We offer a comprehensive line of performance apparel, footwear, and accessories marketed under the lululemon brand. Our apparel assortment includes items such as pants, shorts, tops, and jackets designed for a healthy lifestyle including athletic activities such as yoga, running, training, and most other activities. We also offer apparel designed for being on the move and fitness-inspired accessories. We expect to continue to broaden our merchandise offerings through expansion across these product areas.
Financial Highlights
The summary below compares the third quarter of 2023 to the third quarter of 2022, and provides both GAAP and non-GAAP financial measures. The adjusted financial measures for 2023 exclude $72.1 million of post-tax asset impairment and other charges recognized in relation to lululemon Studio.
Net revenue increased 19% to $2.2 billion.
Total comparable sales increased 13%, or 14% on a constant dollar basis.
Comparable store sales increased 9%.
Direct to consumer net revenue increased 18%, or 19% on a constant dollar basis.
Gross profit increased 21% to $1.3 billion. Adjusted gross profit increased 23% to $1.3 billion.
Gross margin increased 110 basis points to 57.0%. Adjusted gross margin increased 220 basis points to 58.1%.
21

Income from operations decreased 4% to $338.1 million. Adjusted income from operations increased 24% to $436.3 million.
Operating margin decreased 370 basis points to 15.3%. Adjusted operating margin increased 80 basis points to 19.8%.
Income tax expense increased 2% to $99.2 million. Our effective tax rate for the third quarter of 2023 was 28.5% compared to 27.6% for the third quarter of 2022. The adjusted effective tax rate was 28.1% for the third quarter of 2023.
We have contracted with Peloton Interactive, Inc. to be the exclusive digital fitness content provider for the lululemon Studio Mirror and will no longer produce our own digital fitness content. While we will continue to provide services and support to existing lululemon Studio subscribers, we have ceased selling the Mirror hardware. We recognized post-tax inventory provisions, asset impairments, and restructuring costs related to lululemon Studio totaling $72.1 million during the third quarter of 2023.
Diluted earnings per share were $1.96 compared to $2.00 in the third quarter of 2022. Adjusted diluted earnings per share were $2.53 in the third quarter of 2023.
Refer to the non-GAAP reconciliation tables contained in the "Non-GAAP Financial Measures" section of this "Item 2. Management's Discussion and Analysis of Financial Condition and Results of Operations" for reconciliations between the above adjusted non-GAAP financial measures and the most directly comparable measures calculated in accordance with GAAP.
Market Conditions and Trends
Macroeconomic conditions, supply chain disruption, and the COVID-19 pandemic have impacted our business and operating costs. Certain trends are expected to continue throughout 2023, with the impact varying by market.
Macroeconomic Conditions
Macroeconomic conditions, including foreign currency fluctuations, have impacted our financial results. Foreign currency fluctuations reduced the growth of our net revenue by $82.2 million when comparing the first three quarters of 2023 to the first three quarters of 2022, primarily due to the overall appreciation of the US dollar. We expect that future exchange rate volatility will impact our results. We have also experienced increased wage rates when comparing the first three quarters of 2023 to the first three quarters of 2022.

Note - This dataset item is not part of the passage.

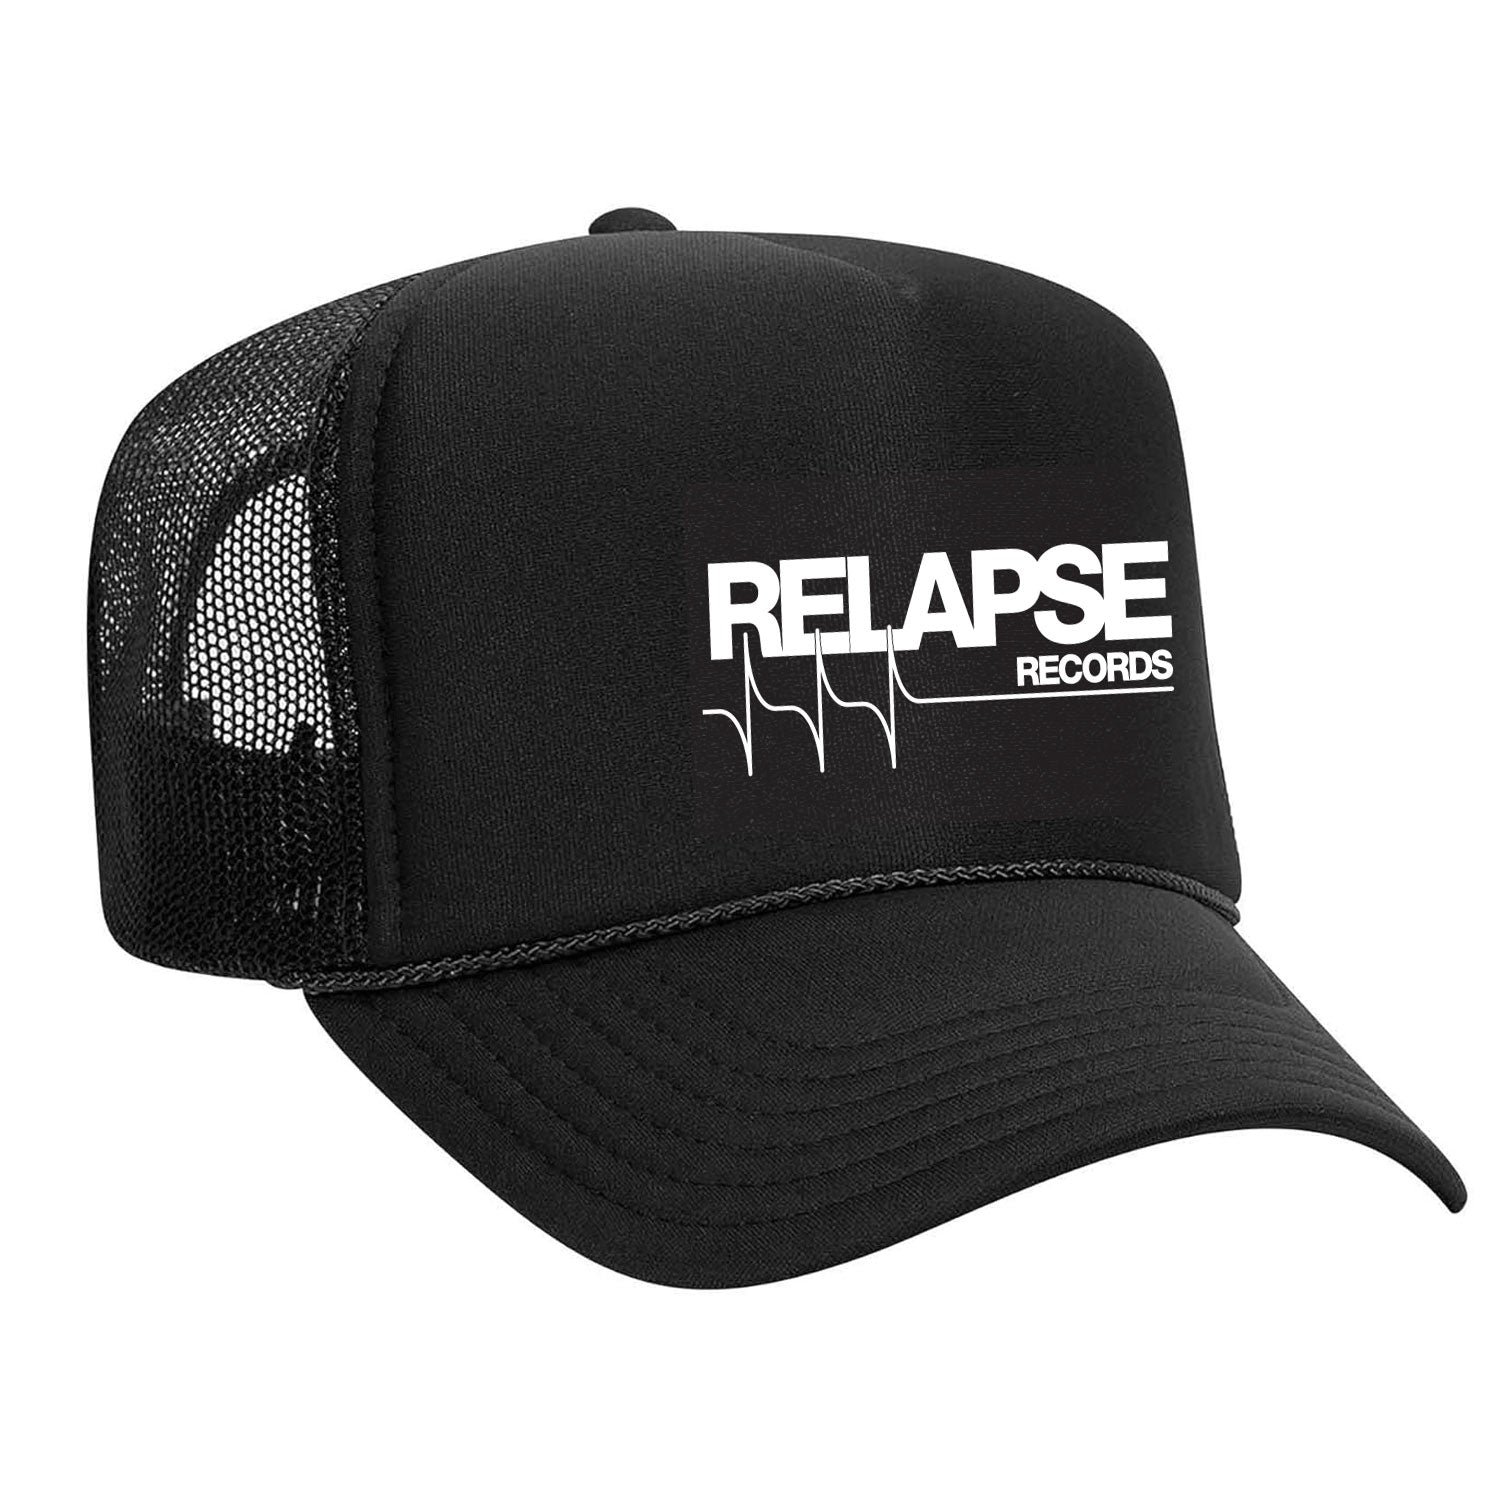 Relapse Records "Logo" Trucker Hat

Guest traffic in our company-operated stores and online increased during the first three quarters of 2023, compared to the first three quarters of 2022. Consumer purchasing behaviors may be impacted by current economic conditions including inflation, higher interest rates, and other macroeconomic factors which may have an adverse effect on our future operating margins.
Supply chain disruption
In 2021 and 2022 we experienced supply chain disruption, including delays in inbound delivery of our products as well as in manufacturing. This supply chain disruption caused us to use higher cost modes of transport, including increasing our use of air freight. We saw an improvement in the supply chain disruption during the second half of 2022 and during the first three quarters of 2023, including reductions in freight costs and reductions in our levels of air freight usage.

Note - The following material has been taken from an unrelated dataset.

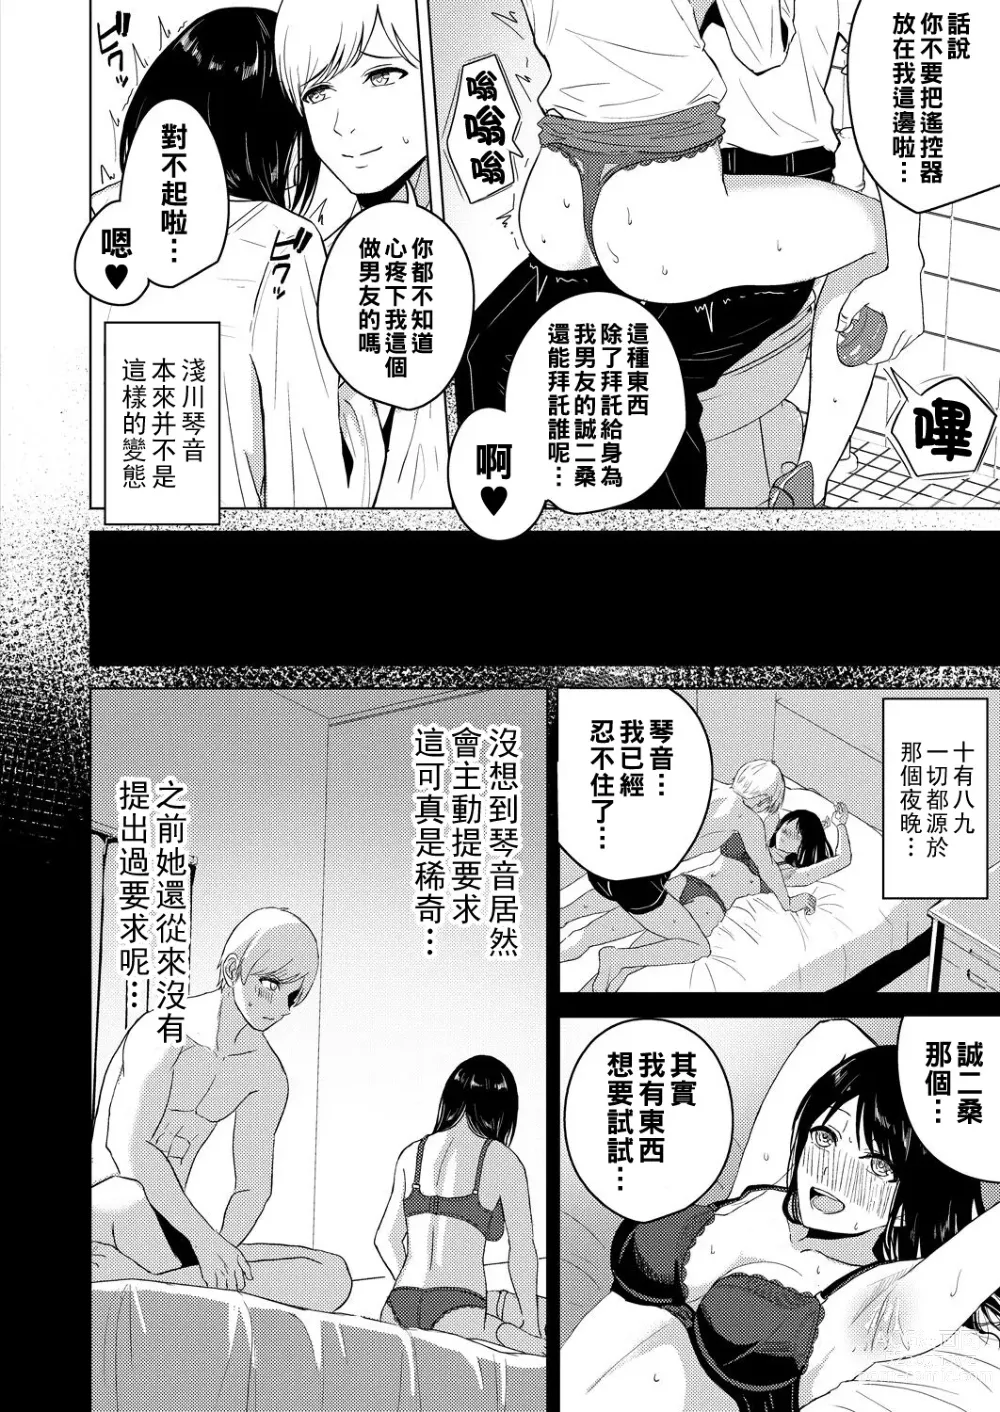 Page 4 of manga Kaikan Office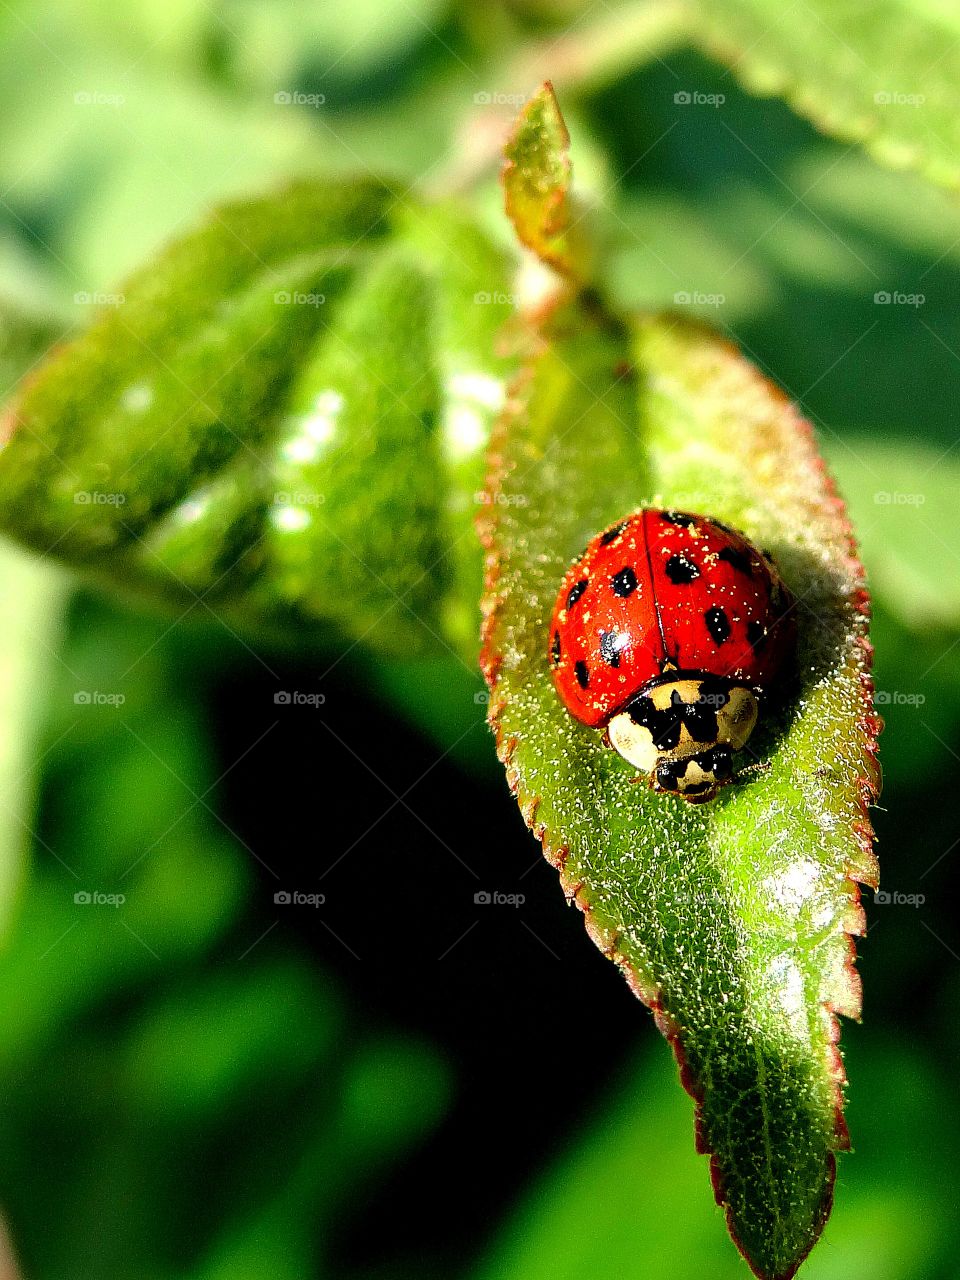 I spy a ladybug

During the first three quarters of 2023 compared to the first three quarters of 2022, our product margin increased by 320 basis points excluding the impact of the lululemon Studio inventory provision, primarily due to lower freight costs from rate reductions and reduced air freight usage. We expect that the reduction in freight costs for the fourth quarter of 2023 will be less significant than in the first three quarters of 2023.
COVID-19 Pandemic
Most of our retail locations were open throughout the first three quarters of 2023 and 2022, with certain locations temporarily closed due to COVID-19 resurgences during the first quarter of 2022, including certain company-operated stores and our third party distribution center in the People's Republic of China ("PRC"). Net revenue from the PRC increased 64% in the first three quarters of 2023 compared to the first three quarters of 2022, with improvements in COVID-19 trading conditions contributing to this increase.
22

Quarter-to-Date Results of Operations: Third Quarter Results
The following table summarizes key components of our results of operations for the periods indicated:
 Third Quarter
 2023202220232022
 (In thousands)(Percentage of net revenue)

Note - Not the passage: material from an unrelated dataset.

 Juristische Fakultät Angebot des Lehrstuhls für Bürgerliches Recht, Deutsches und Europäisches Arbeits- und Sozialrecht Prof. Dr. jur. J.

Net revenue$2,204,218 $1,856,889 100.0 %100.0 %
Cost of goods sold947,554 818,037 43.0 44.1 
Gross profit1,256,664 1,038,852 57.0 55.9 
Selling, general and administrative expenses842,795 684,236 38.2 36.8 
Impairment of assets and restructuring costs74,501 — 3.4 — 
Amortization of intangible assets1,253 2,189 0.1 0.1 
Income from operations338,115 352,427 15.3 19.0 
Other income (expense), net9,842 331 0.4 — 
Income before income tax expense347,957 352,758 15.8 19.0 
Income tax expense99,243 97,288 4.5 5.2 
Net income$248,714 $255,470 11.3 %13.8 %
Net Revenue
Net revenue increased $347.3 million, or 19%, to $2.2 billion for the third quarter of 2023 from $1.9 billion for the third quarter of 2022. On a constant dollar basis, assuming the average foreign currency exchange rates for the third quarter of 2023 remained constant with the average foreign currency exchange rates for the third quarter of 2022, net revenue increased $358.4 million, or 19%.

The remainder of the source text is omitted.